▸ **Task directions**: What you return must match the listing below character for character, minus any pictures.

▸ **Provided material**:
• • • •
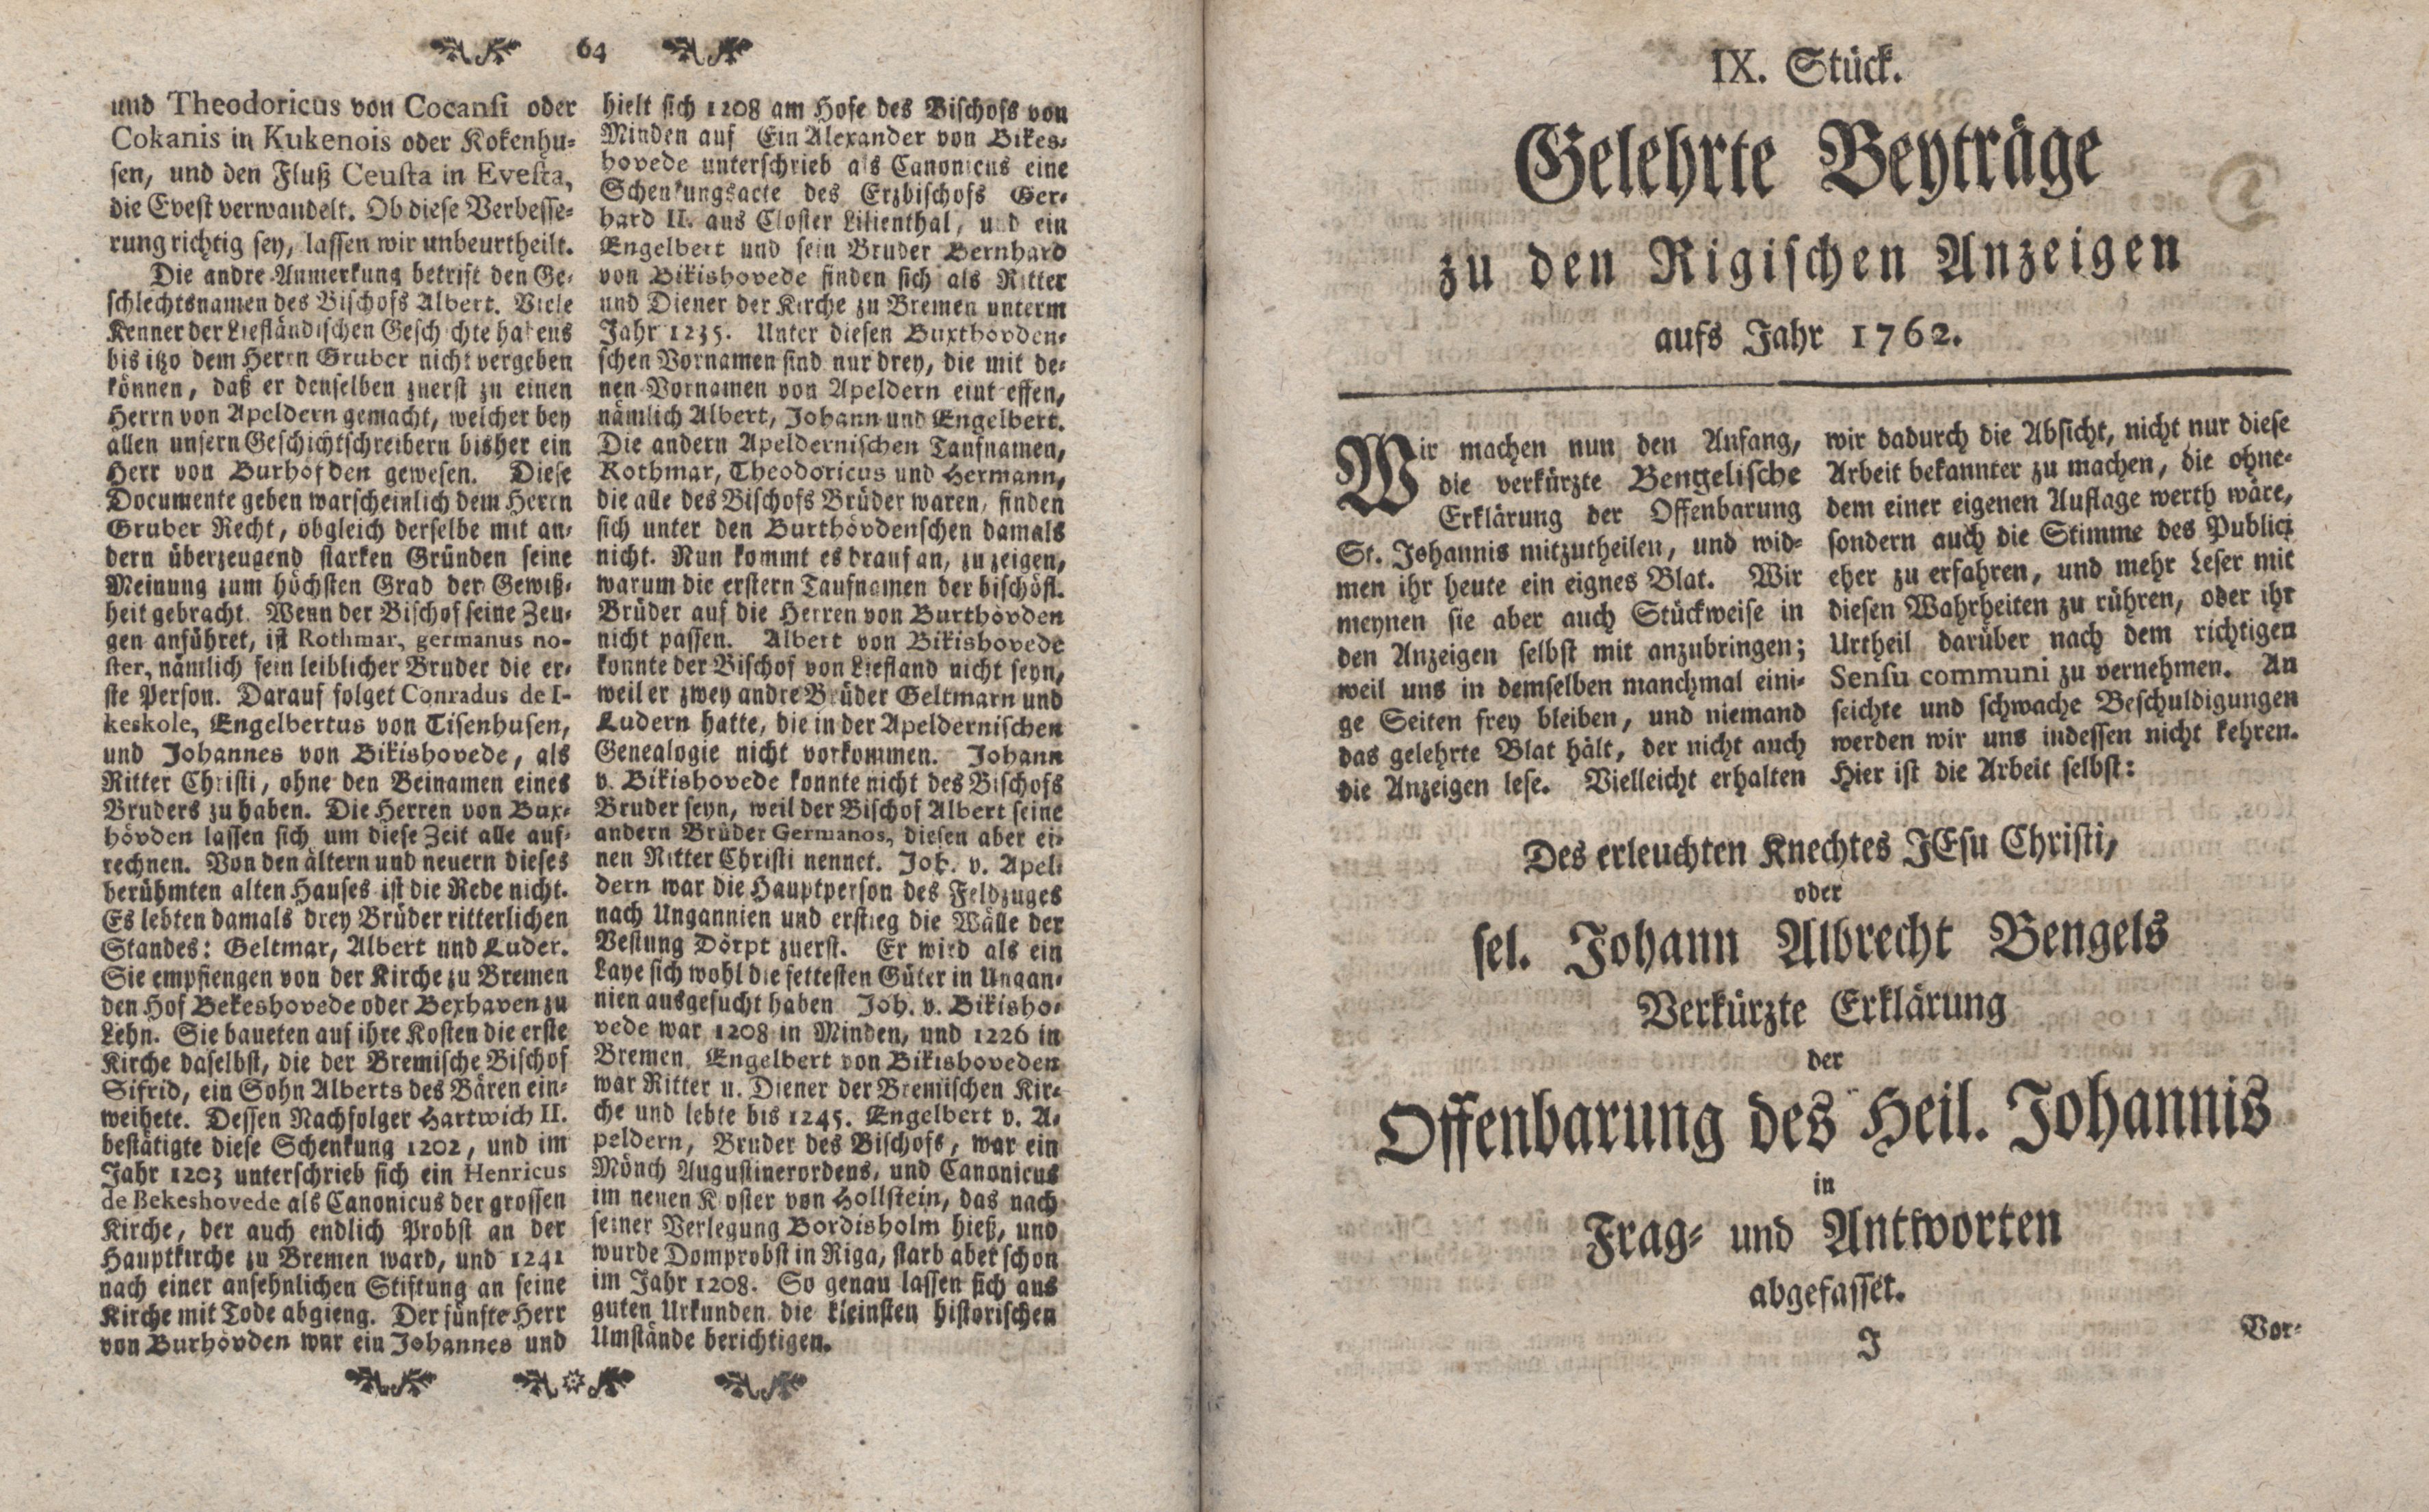 Gelehrte Beyträge zu den Rigischen Anzeigen 1762 (1762) | 33. (64-65) Haupttext
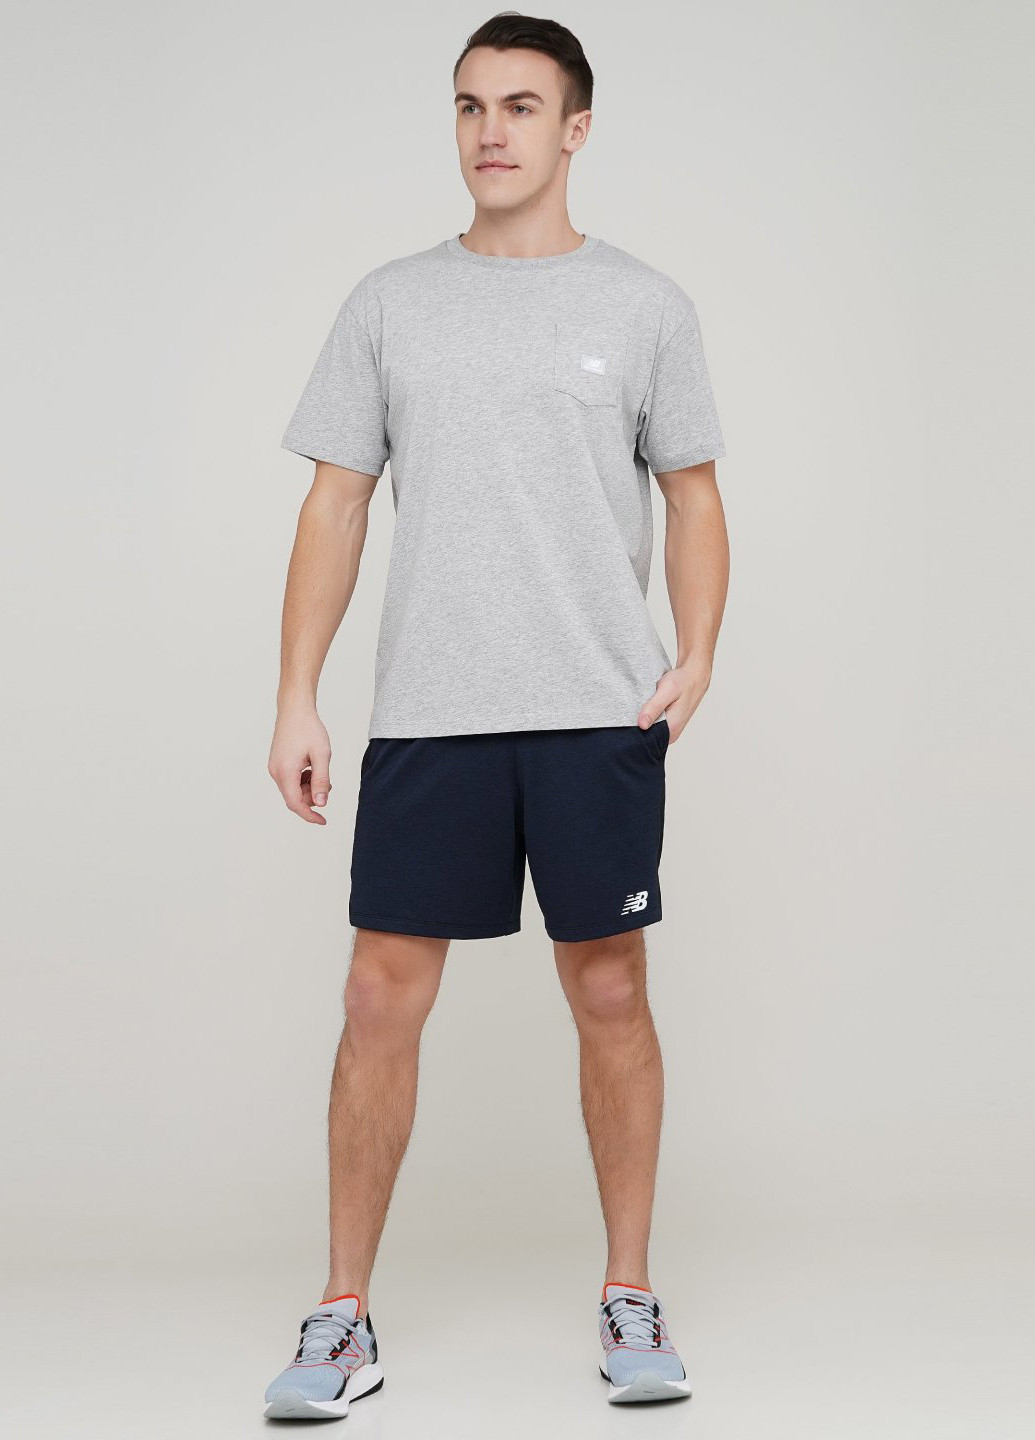 Світло-сіра футболка New Balance Nb Athletics Pocket
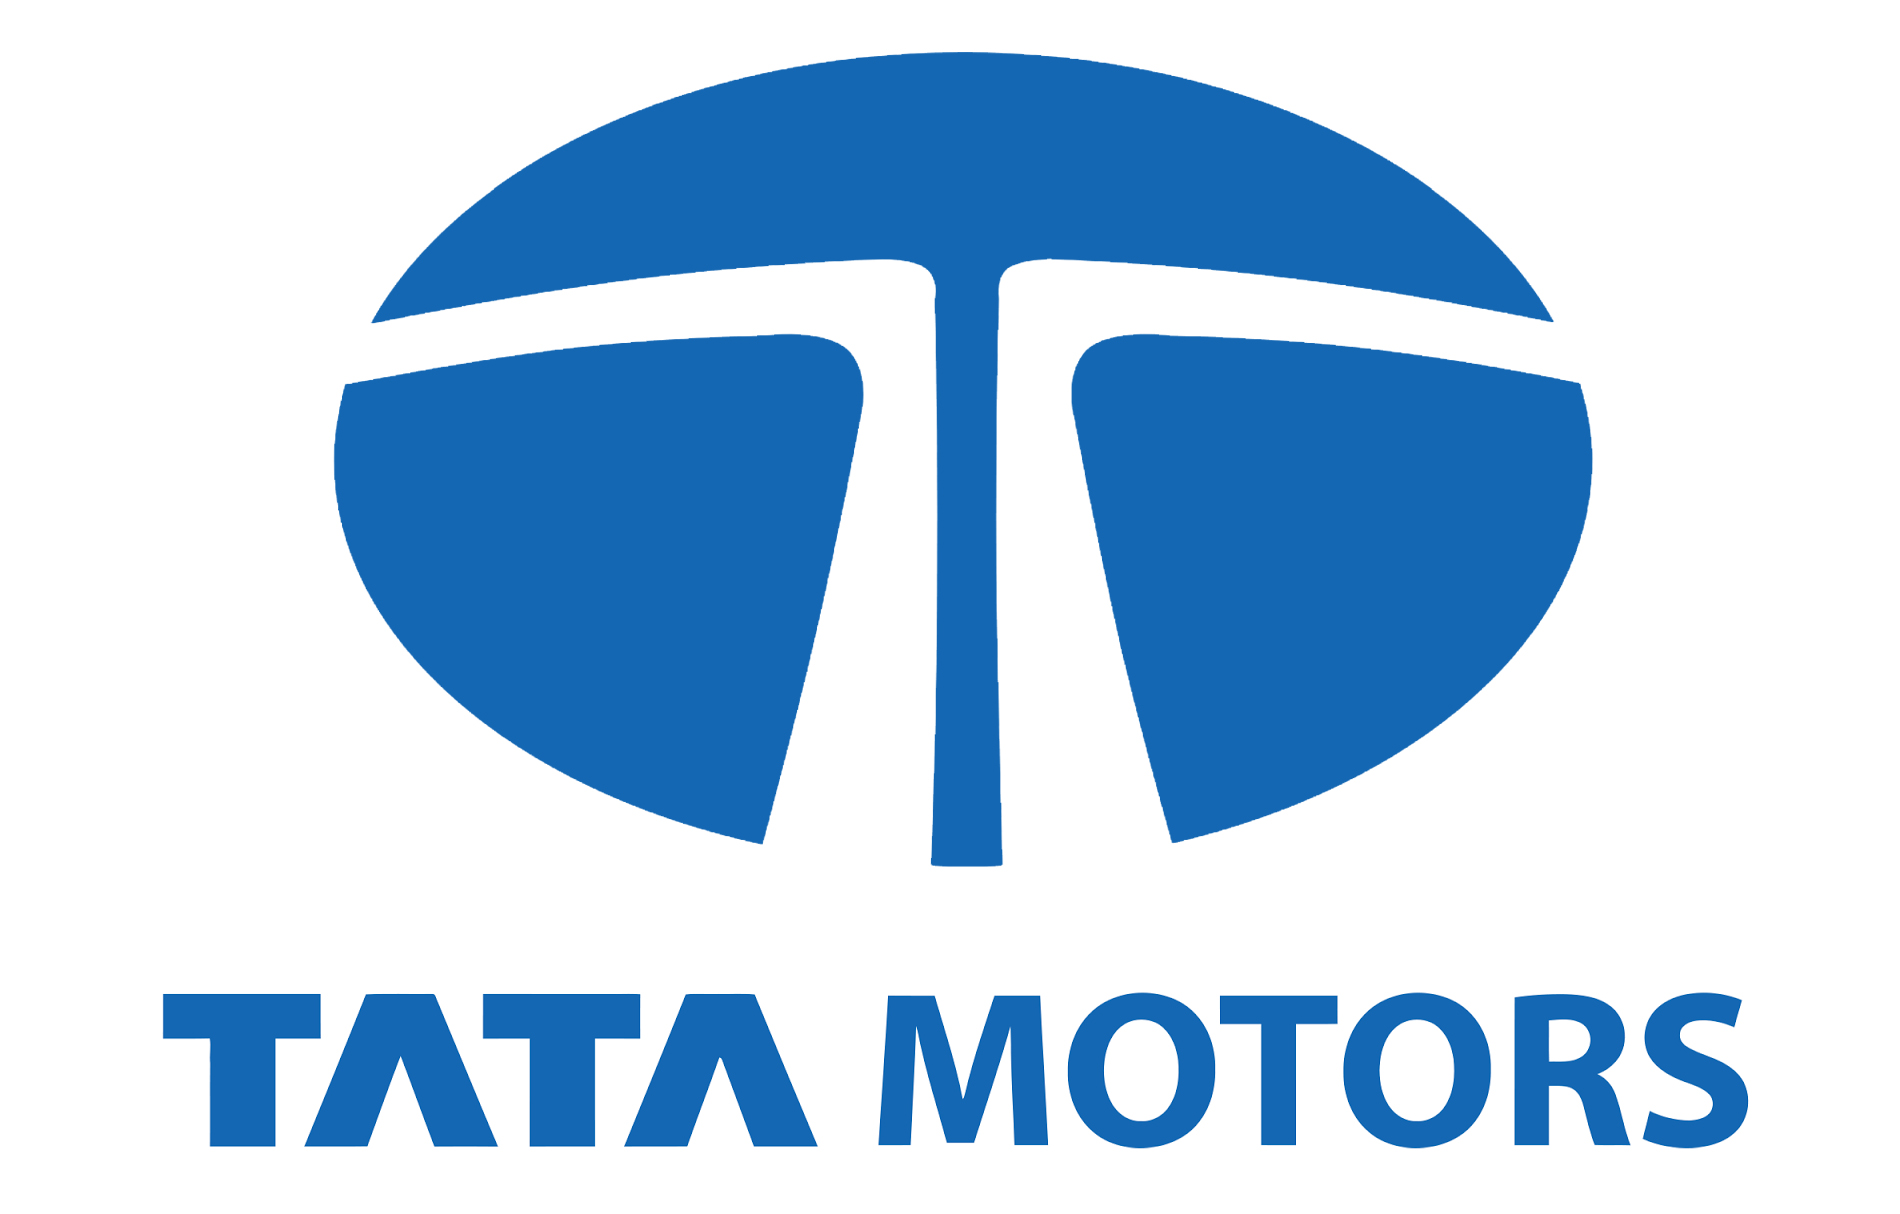 Tata Motors Cars Showroom - J V Motors|Show Room|Automotive
• • • •
▸ **Reply**:
 Gelehrte Beyträge zu den Rigischen Anzeigen 1762 (1762) | 33. (64-65) Haupttext
 Світло-сіра футболка New Balance Nb Athletics Pocket
 Tata Motors Cars Showroom - J V Motors|Show Room|Automotive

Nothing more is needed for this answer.